Transcribe the data exactly, omitting whatever pictures it holds.

= DATA EXTRACT =
⁂

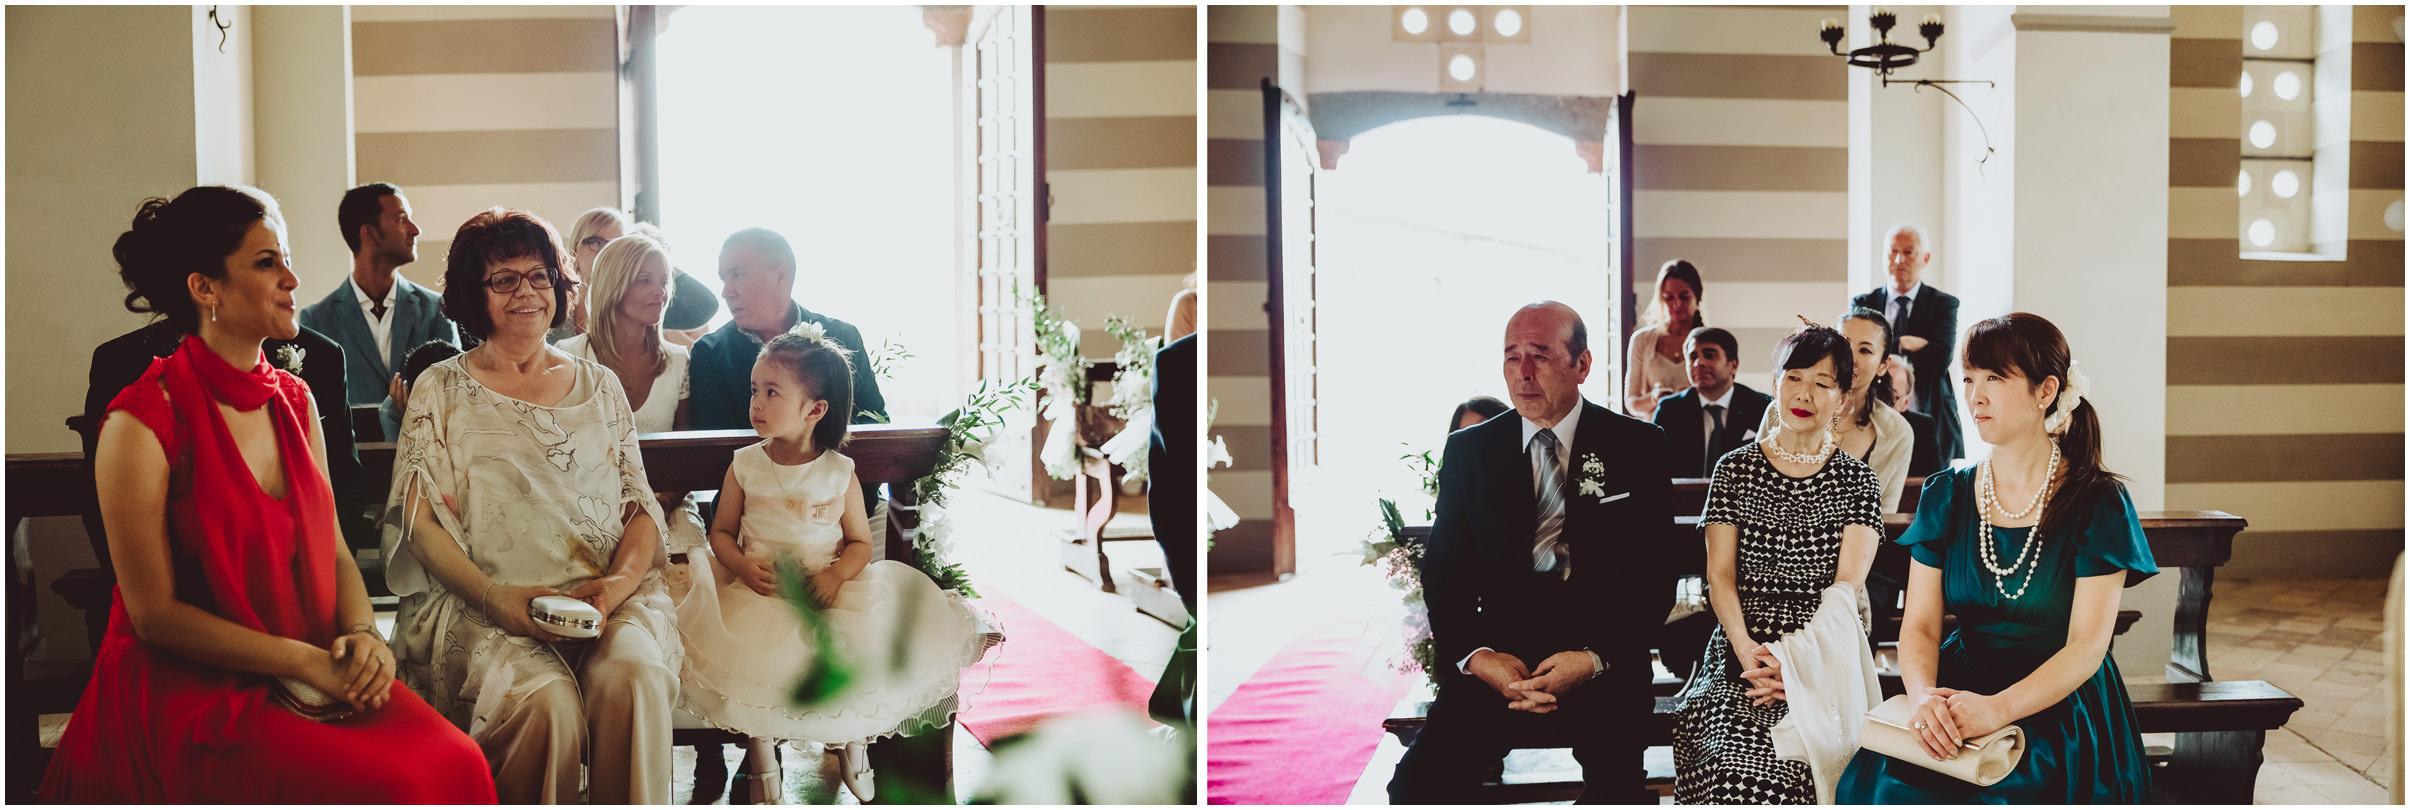 WEDDING-PHOTOGRAPHY-SARA-LORENZONI-FOTOGRAFIA-MATRIMONIO-ORVIETO-JUKA-ANTONELLO12
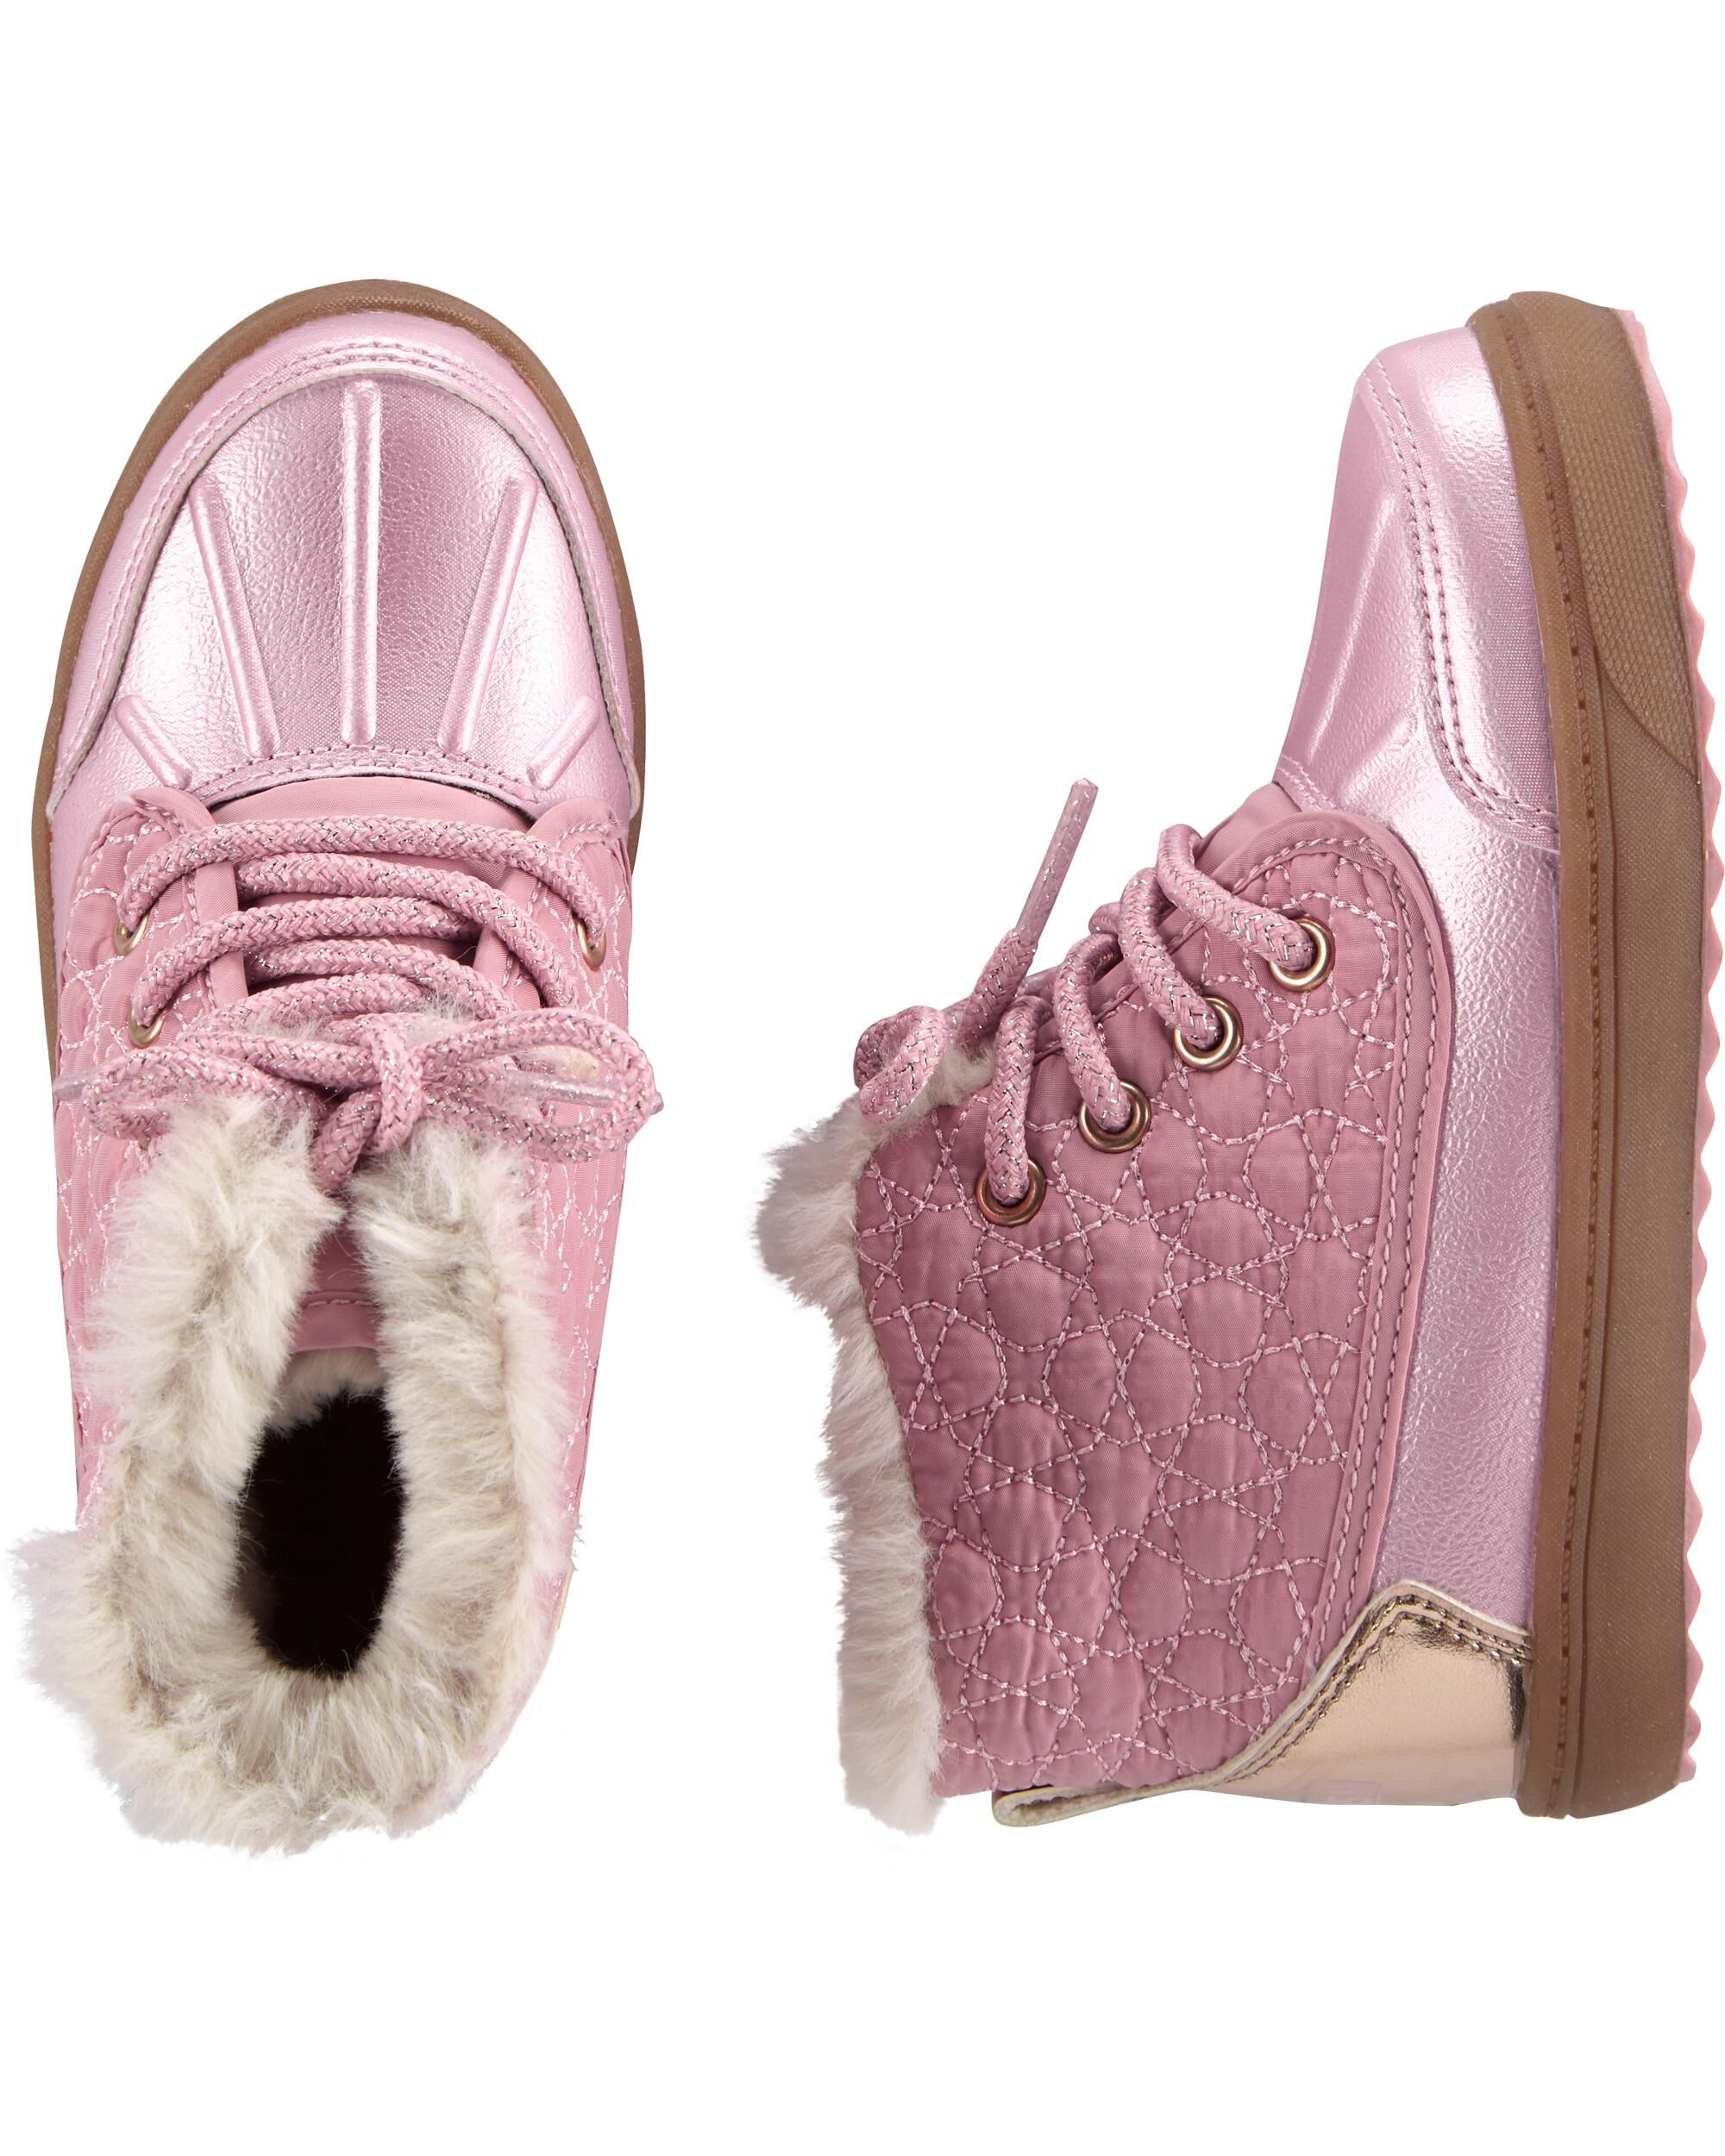 *DOORBUSTER* OshKosh Pink Duck Boots
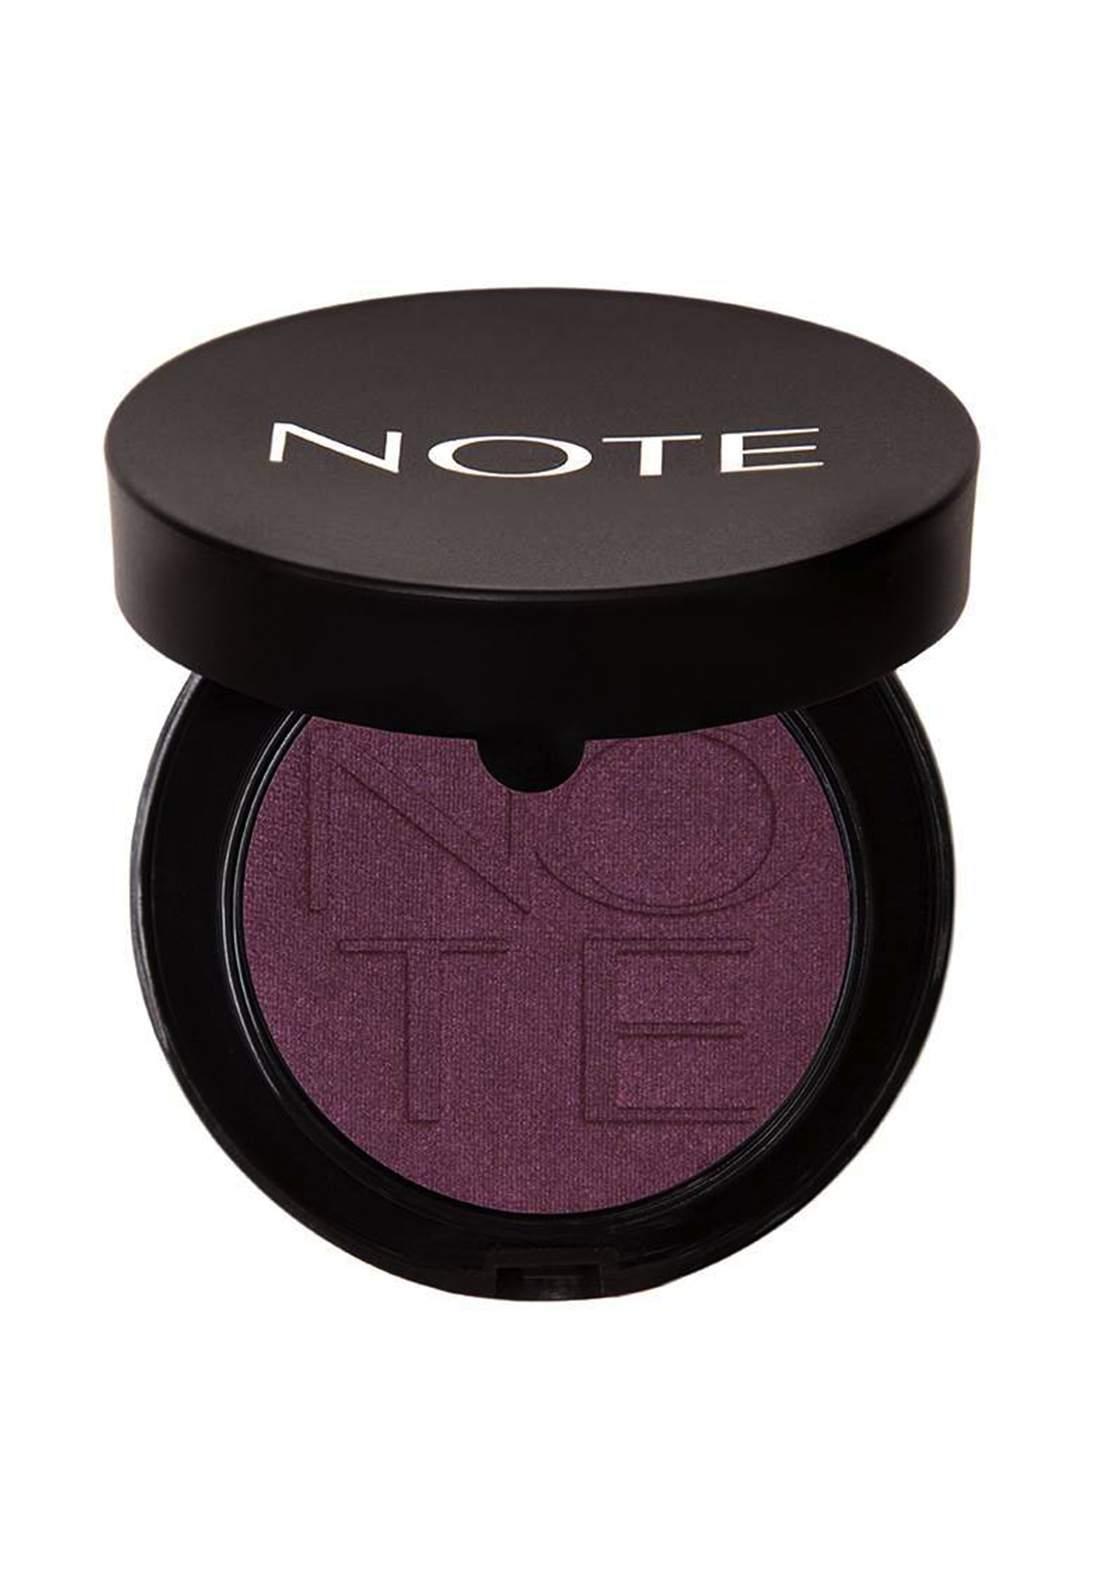 Note Luminous Silk Mono Eyeshadow No.10 ظلال للعيون
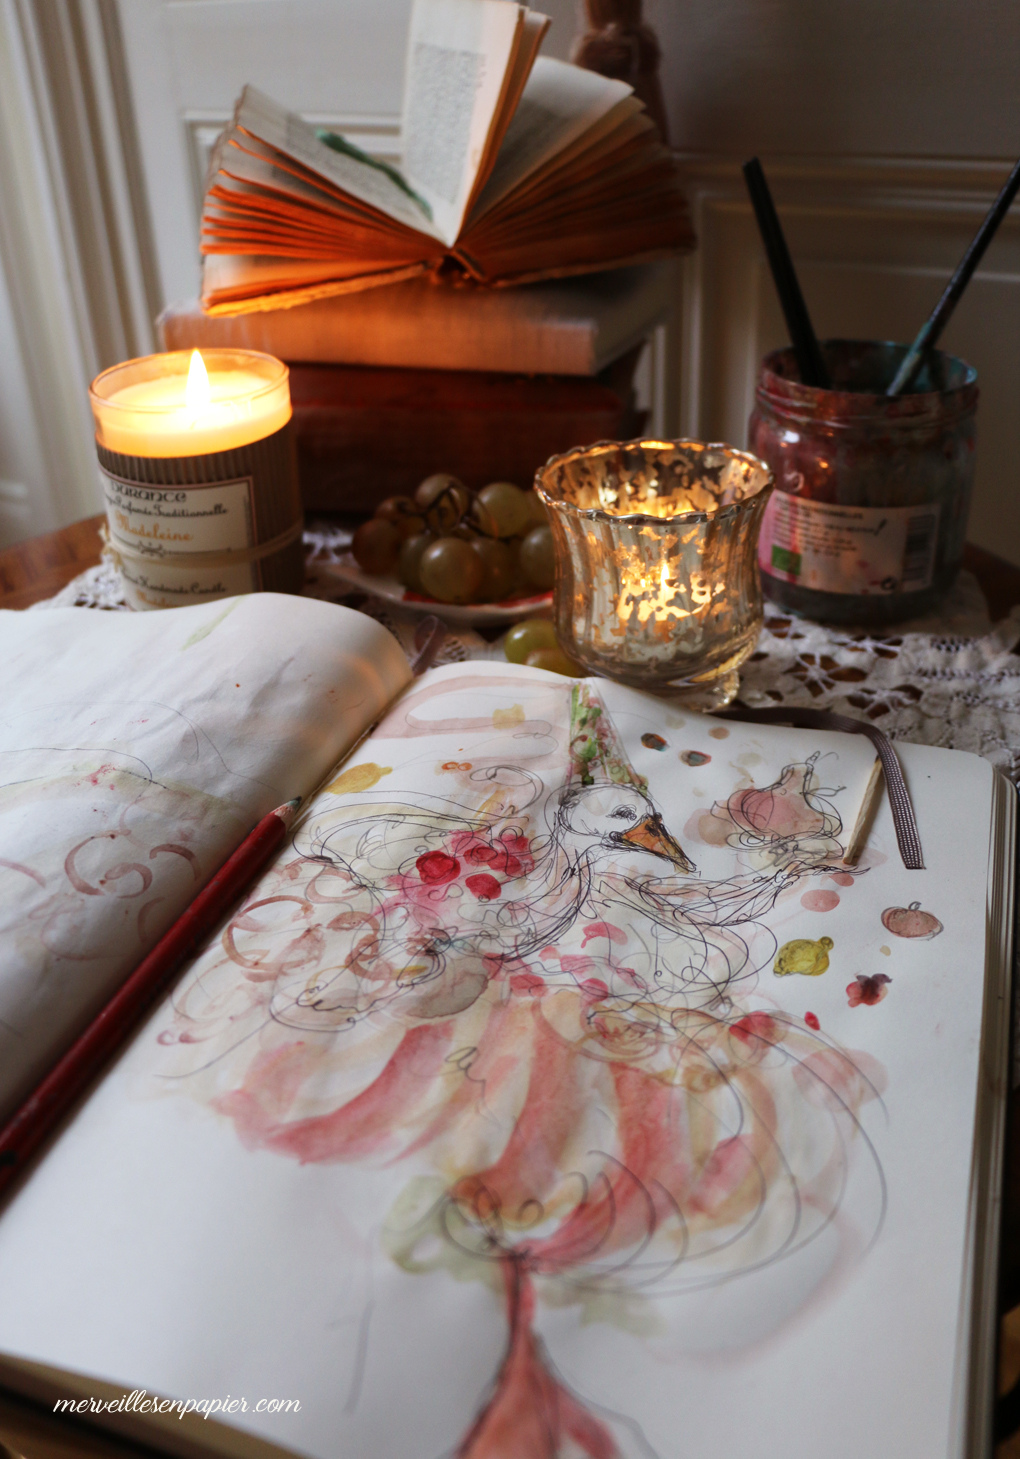 madame d'aulnoy's fairy tales

⁂

= WRITTEN RESPONSE =
 WEDDING-PHOTOGRAPHY-SARA-LORENZONI-FOTOGRAFIA-MATRIMONIO-ORVIETO-JUKA-ANTONELLO12
 *DOORBUSTER* OshKosh Pink Duck Boots
 Note Luminous Silk Mono Eyeshadow No.10 ظلال للعيون
 madame d'aulnoy's fairy tales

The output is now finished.